Antropologicamente, il “rituale” è osservato quale azione meccanicizzata volta al controllo del futuro e delle azioni: in questo senso, le analogie storicoconcettuali col tema del rituale sacrificale risultano di grande aiuto. Il sacrificio consentiva in origine di organizzare la violenza e creare unanimità, in quanto faceva agire i membri del gruppo contro quell’unico soggetto ritenuto responsabile di un danno o di una crisi; un’aggregazione nel quale le forze collettive sono unite contro le forze spicciole dell’individuo (Girard, 2003).
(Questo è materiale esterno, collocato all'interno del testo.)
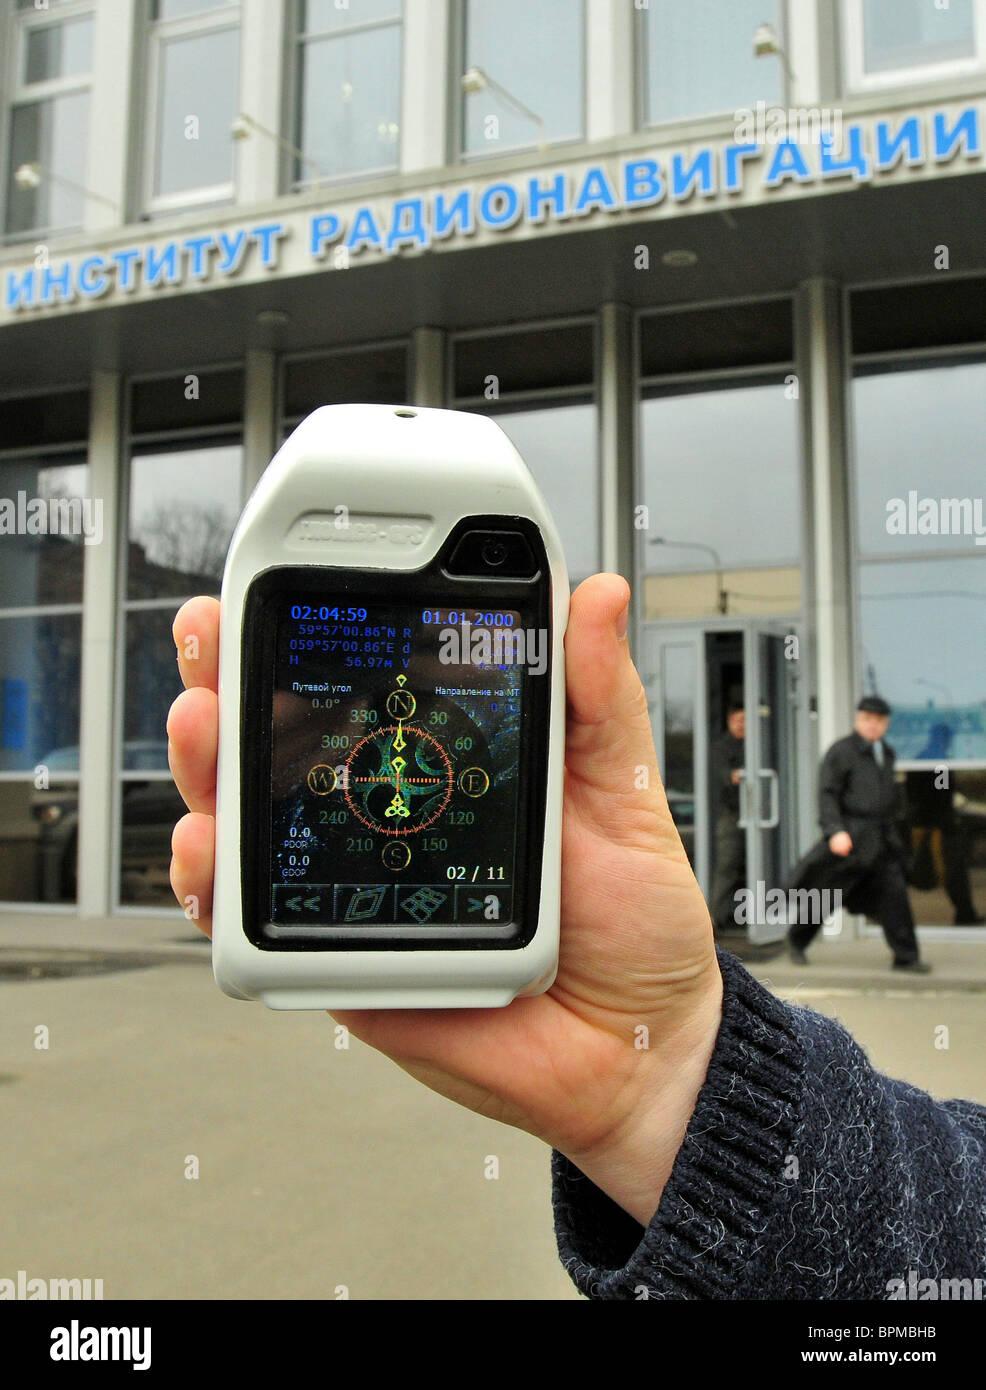 Russia October 27 Glonass Gps Satellite Synchronizing Navigator

E’ possibile trovare in ciò un residuo di quelle che sono oggi le moderne prassi della sessualità orgiastica liberate dal fattore religioso: specie nelle situazioni in cui l’unico elemento passivo, ovviamente consenziente, carica sul proprio corpo le pulsioni e le scariche aggressive dell’intero gruppo. La violenza, in tali frangenti aggressività sessuale potenziata, è scaricata sulla sofferenza/godimento della “vittima sacrificale” per il piacere e la gratificazione condivisa dagli individui del gruppo. Il meccanismo dell’azione gruppale è ancor più potente nelle prassi estreme, dove l’elemento passivo è schernito ed il ruolo di vittima o “capro espiatorio” è palesemente valorizzato come deterrente dell’attività di gruppo. A queste parentesi, dove il gruppo agisce unanimemente sulla vittima passiva, si affiancano altri scenari nei quali l’azione individuale è elemento predominante: in un incastro massiccio di corpi e nudità, l’individuo può liberamente soddisfare il suo appetito sessuale passando da un elemento all’altro, da un corpo all’altro.

 

Il tema della ritualità e della trasgressione nel sesso di gruppo

L’informalità, la trasgressione amplificata della cornice, l’assenza di sentimenti, fanno sì che anche in tali azioni l’aggressività non sia un elemento limitato come nella relazione di coppia, ma elemento rafforzato che aumenta l’eccitamento. L’affettività ritaglierebbe generalmente uno spazio molto marginale, in misura sufficiente affinché un’aggressività spinta non sfoci in violenza pura. In questi contesti, siano essi ad orientamento omo o etero sessuale, sodomizzazioni ed altre pratiche più rudi troverebbero una maggiore libertà di applicazione rispetto al contesto di coppia, giacché l’individuo non sarebbe interessato al benessere dell’alter, essendo al contrario eccitato dagli effetti fisici (godimento, sofferenza o orgasmo) che le sue azioni meno delicate provocano sui corpi.

Fondamentalmente, un tale contesto si presenta per certi versi come anomico e non a caso spesso affiancato all’immaginario comune del disordine e del caos. Forse, riallacciando la questione alle teorizzazioni di Kenberg, è quel caos che alcuni individui potrebbero percepire come bisogno, per fuggire da un rapporto d’amore esageratamente chiuso e dai confini troppo rigidi, il cui unico modo per sopravvivergli sia quello di romperlo rintanandosi nel gruppo e nel disordine per assaporare di nuovo la libertà, etica e sessuale. O al contrario, cogliendo la prospettiva di Adorno (1951), è l’esacerbare una “volontà di possesso” implicita nel rapporto amoroso: l’attaccamento diviene tale da non consentire più di guardare ad una semplice persona amata, ma da trasformare tutti gli individui in semplici oggetti dell’amore. Un diritto di proprietà che si estenderebbe non soltanto su un corpo, ma su molti corpi. Sulle motivazioni il dibattito è attualmente aperto: su tale fenomeno, le considerazioni (discutibili) di alcuni studiosi appaiono esporre toni addirittura riprovevoli, non mancando di etichettare “patologici” simili comportamenti. Ma l’aggressività è un fatto connaturato nella relazione amorosa animale e dunque anche umana: la sessualità di coppia ed ancor più quella di gruppo enfatizzano un’aggressività che tuttavia fatica ad essere notata obiettivamente, poiché ancora intrappolata nei meandri di una morale come prodotto culturale nonché di una visione falsata ed armoniosa dell’amore. In conclusione, una visione che la prospettiva sociologica di Adorno descrive anzi come “paralizzata”, perché l’amare in più compromette un rapporto di scambio limitato, all’interno di un contesto dove la gravità sociale tende a predeterminare la formazione degli impulsi e a creare modelli convenzionali di sessualità.